→ **Activity**
Starting with the line that has "Jewelled Pearl Earrings" and finishing with the line that has "Dominican Republic and Haiti: Floods", set down each line below exactly. Pictures are not copied.

++++ Record set

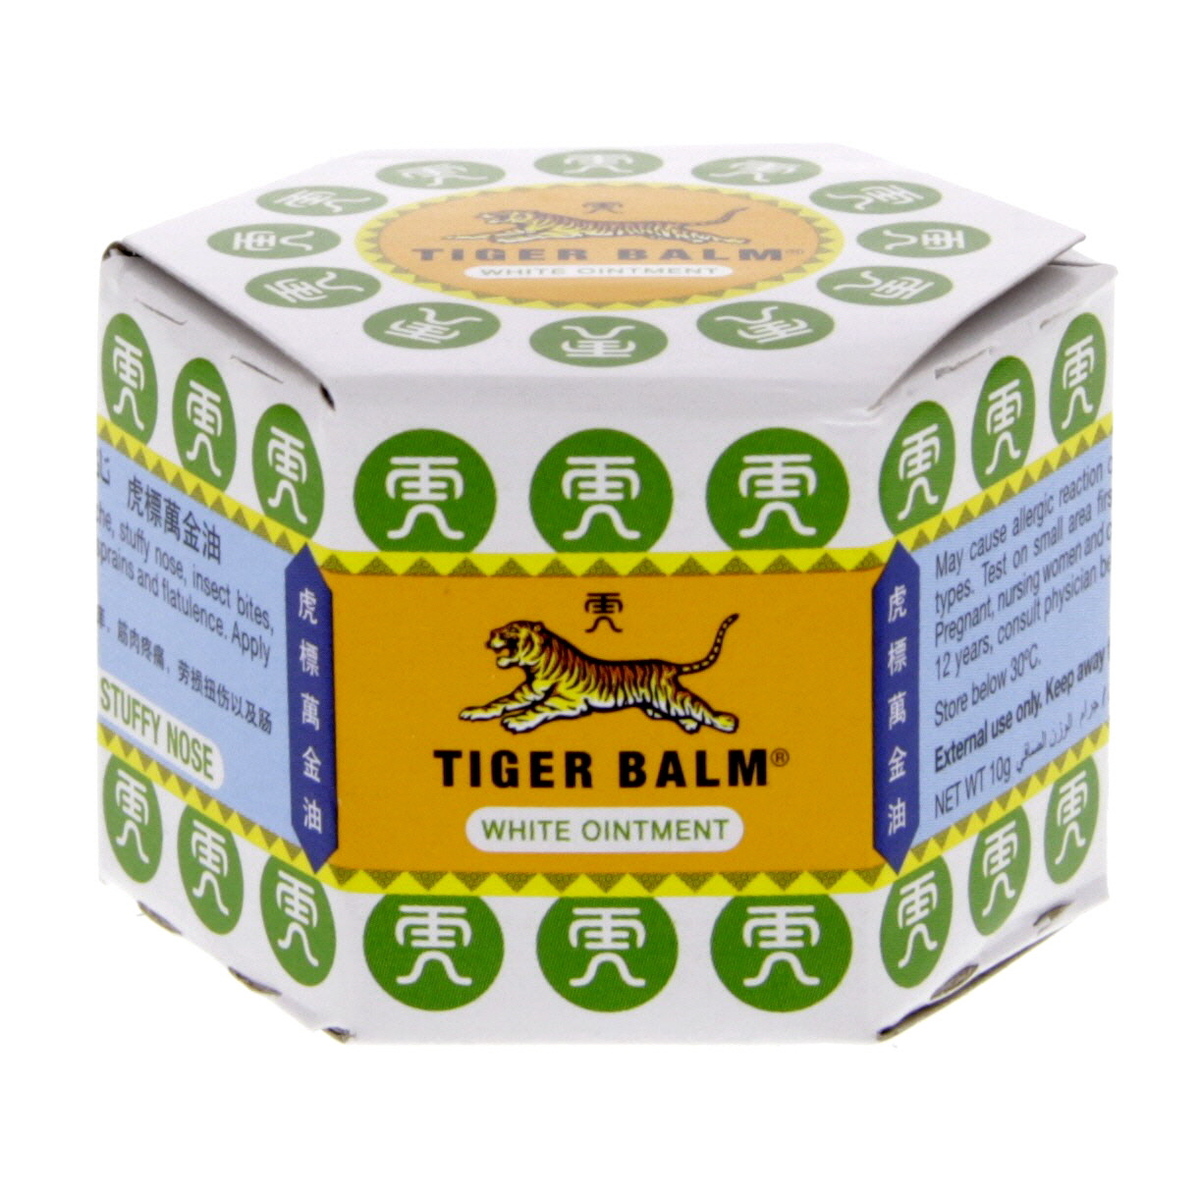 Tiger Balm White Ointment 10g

++++++++
++++ Record set

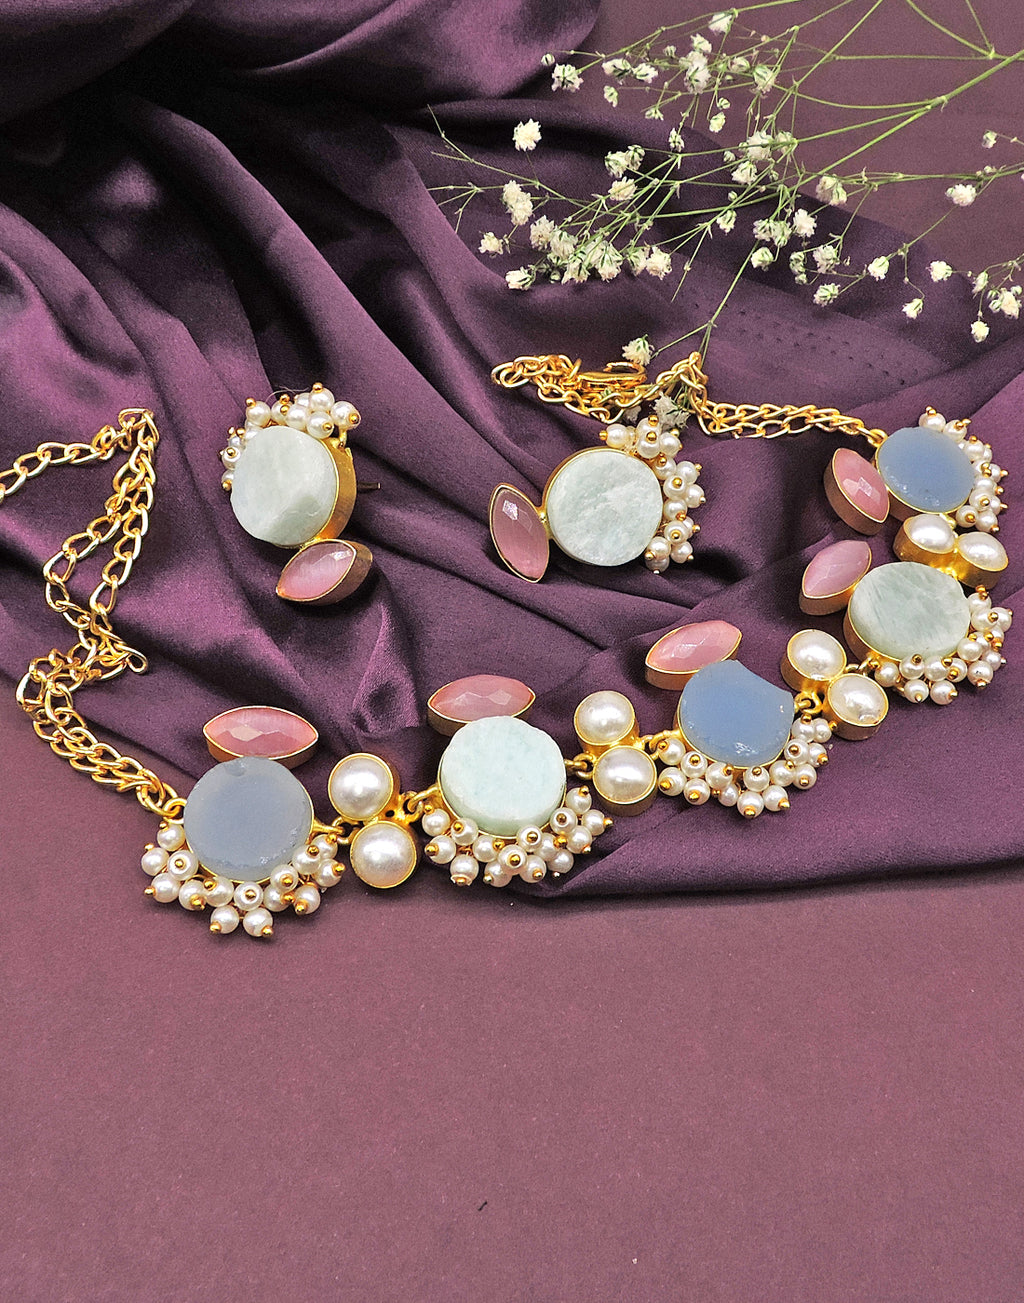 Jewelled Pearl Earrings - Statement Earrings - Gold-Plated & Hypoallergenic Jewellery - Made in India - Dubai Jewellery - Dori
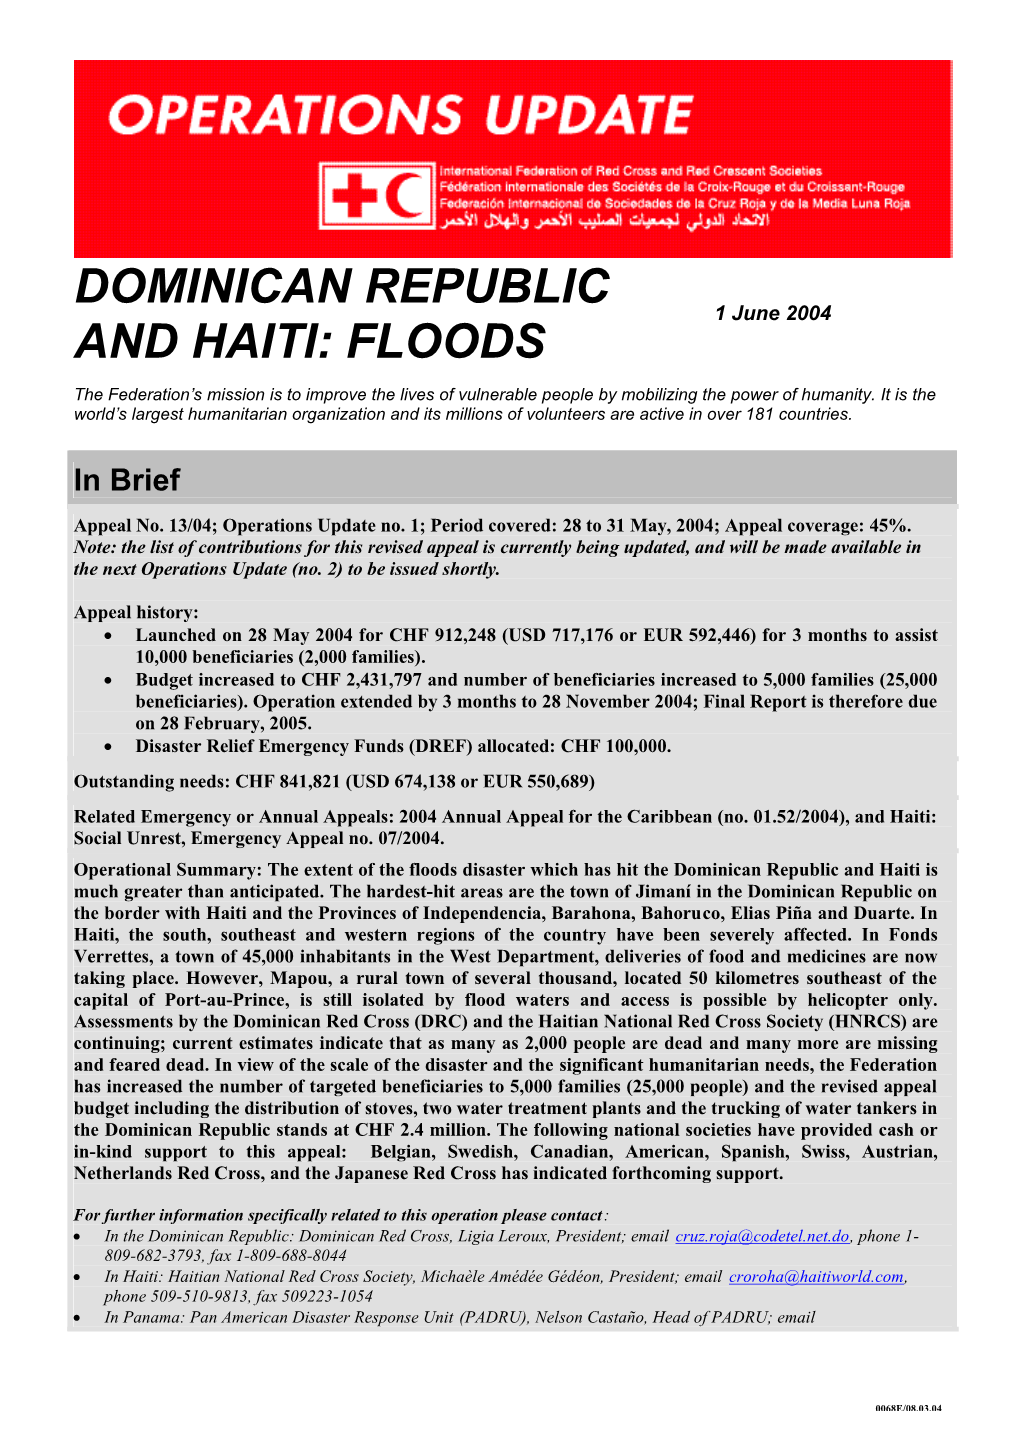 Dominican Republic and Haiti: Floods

++++++++
++++ Record set

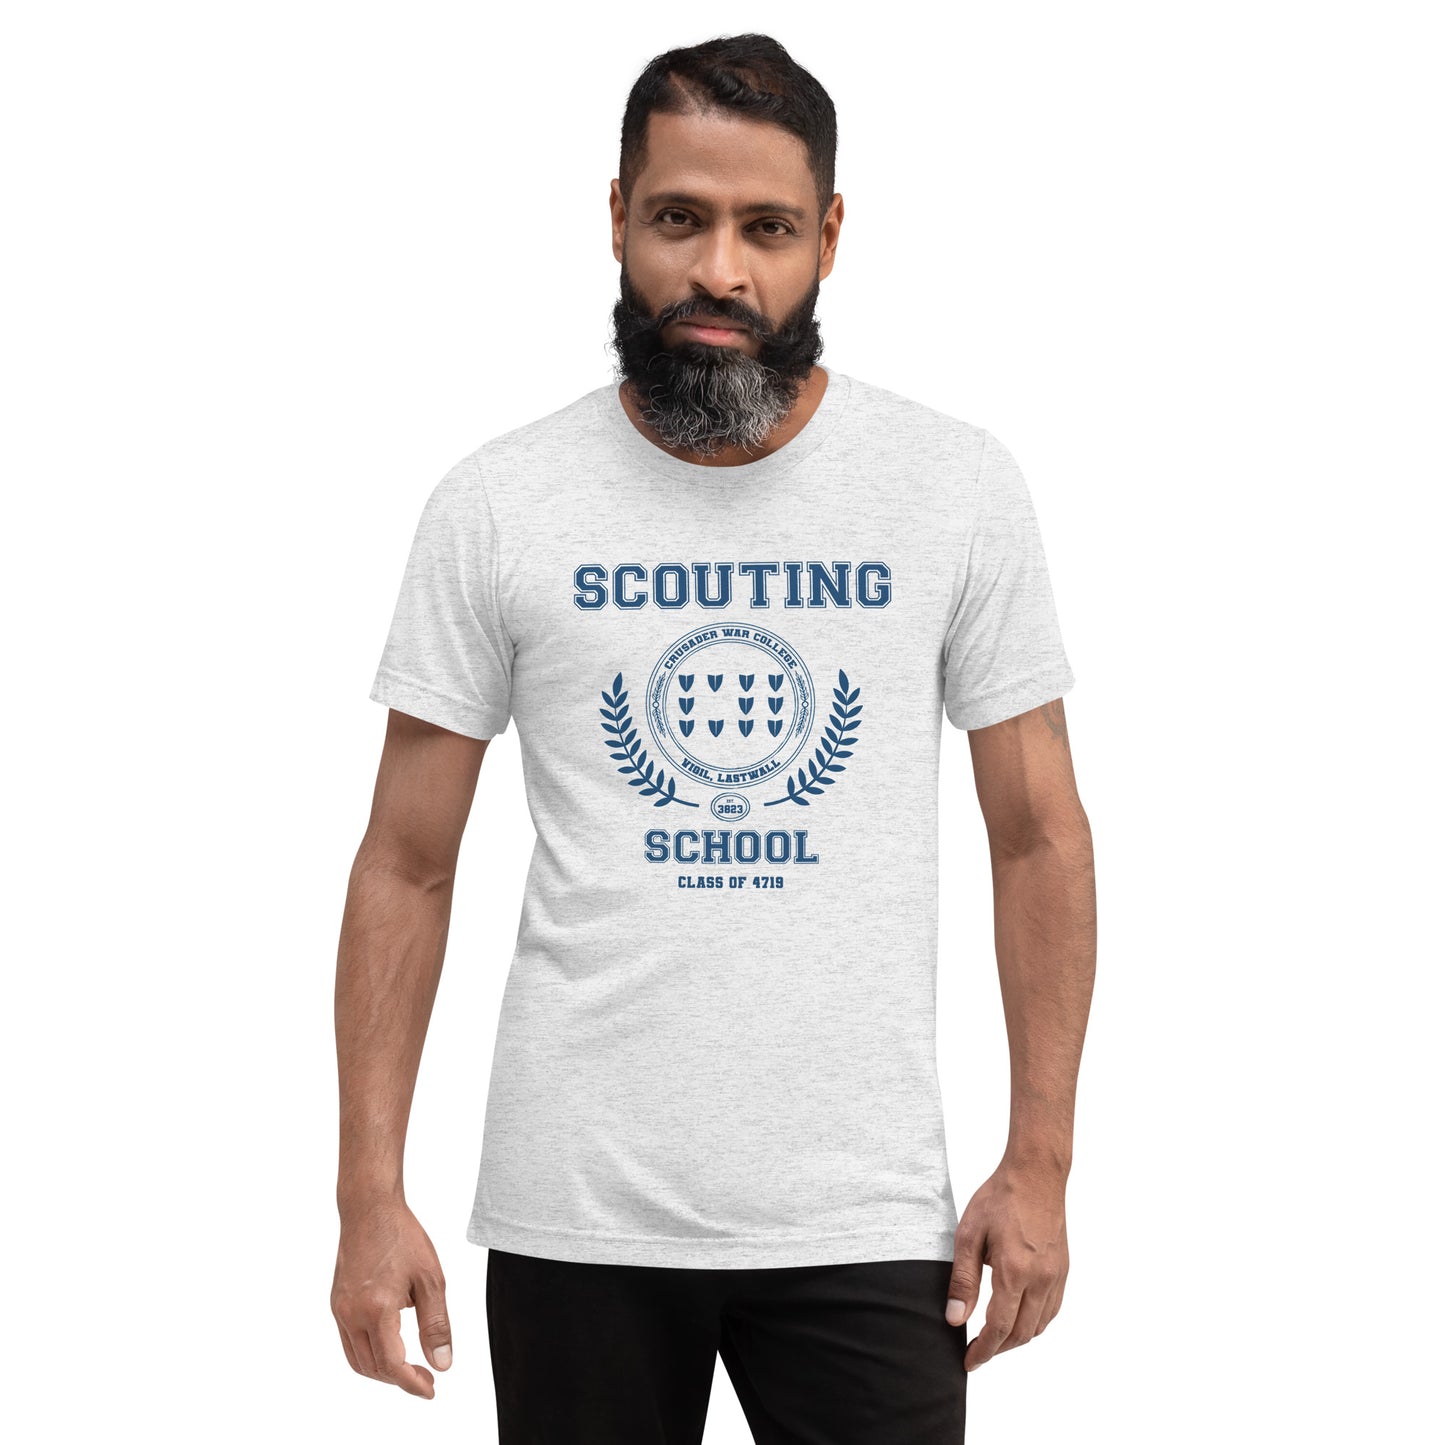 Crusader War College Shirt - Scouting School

++++++++

→ **Output for this task**
 Jewelled Pearl Earrings - Statement Earrings - Gold-Plated & Hypoallergenic Jewellery - Made in India - Dubai Jewellery - Dori
 Dominican Republic and Haiti: Floods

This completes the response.